At first, Kim’s father didn’t know much about his family history and preferred it to stay that way. “He was like, don’t write about this. So, of course, that made me want to write about it even more,” says Kim. She set her sights on visiting Taiwan. She applied for a Fulbright Scholarship, but she recalls that even if she didn’t get it she would still go and teach English. “Either way,” she says, “I knew I had to go to that part of the world.”
Kim spent just over a year on the island, which proved to be a fruitful adventure. “I was coming across the impact that he had on people. There was this sort of spirit or legacy that was trying to be found.”

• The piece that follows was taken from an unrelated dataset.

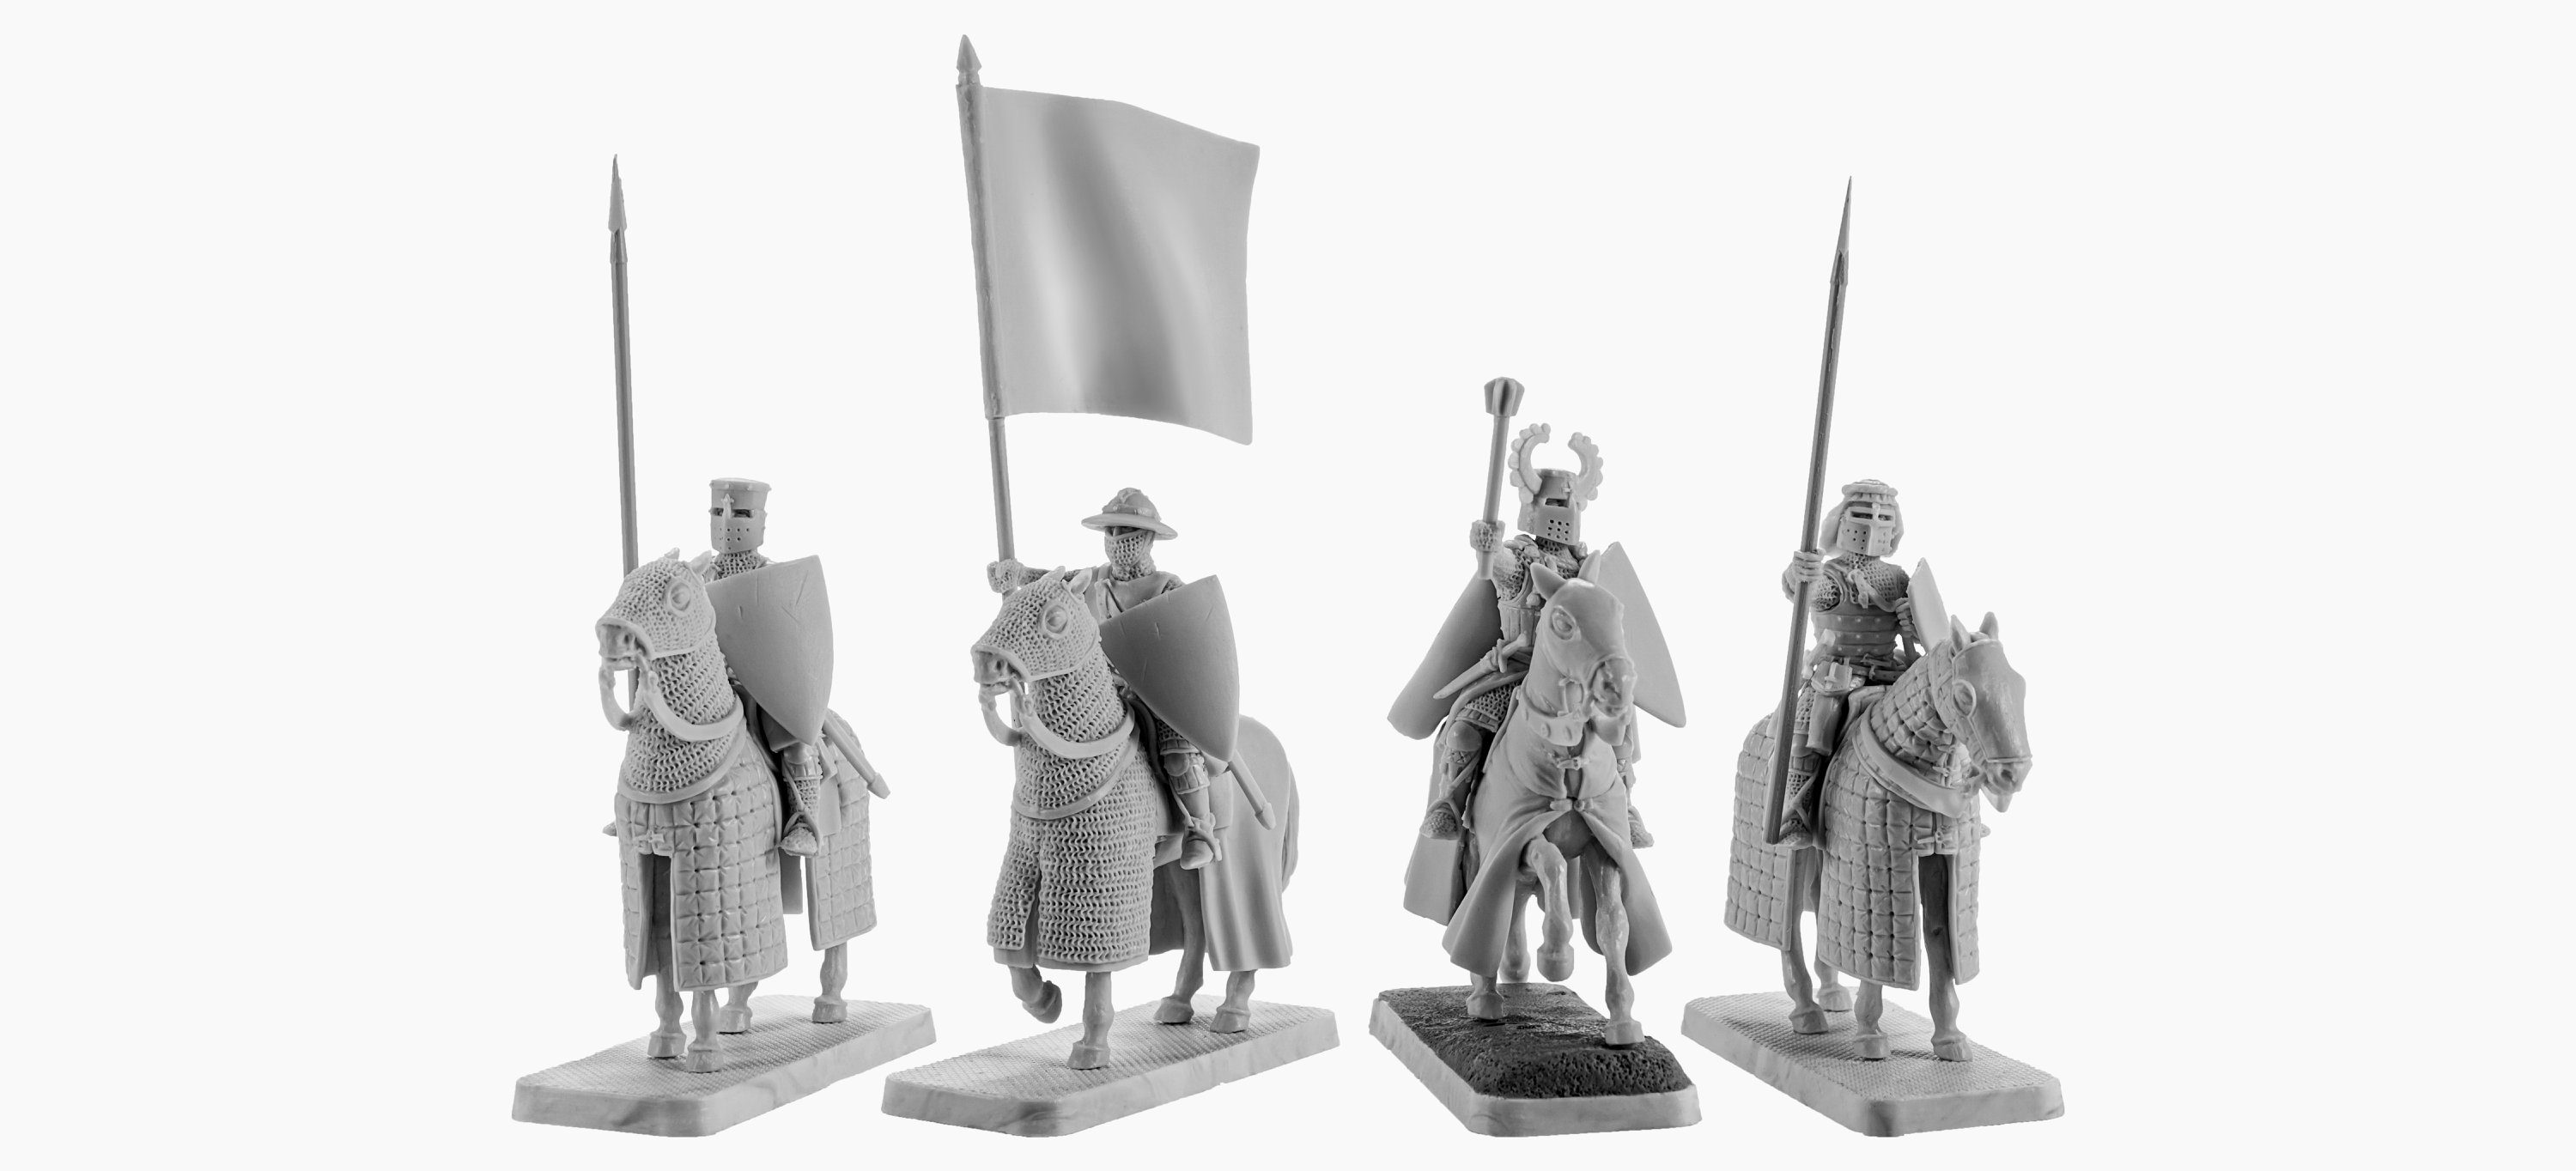 Mounted Crusaders Command #1 - V&V Miniatures

After returning from Taiwan with tons of information to weave into her story, Kim made another leap and moved to New York. She picked up freelance copyediting jobs and worked in restaurants. “If you do want to be a writer I recommend doing a job where you meet a tremendous amount of people,” says Kim. But she soon realized she wasn’t making enough money to support her writing, and found she was spending more time on her feet than on her story. After her two-year stint working service jobs she emerged with the first draft of her manuscript, but says, “it was more of an exorcism of demons than a polished product.”
She ended up finding a steady job working for an immigration attorney where she did legal writing for the majority of her day. This job gave her the structure, stamina, and paycheck she needed to really settle deeper into her own work. In the mornings before heading to the office she would write, and this writing found homes. She has been published in The Millions, The Rumpus, Salon, and Lit Hub to name a few.
Now, after four years, Kim quit the day job to dedicate all of her focus to her goals. She is teaching full time and she also predicts that this is the year she’ll finish her manuscript. And like her very first fans from her elementary school days, we can’t wait to read what happens next.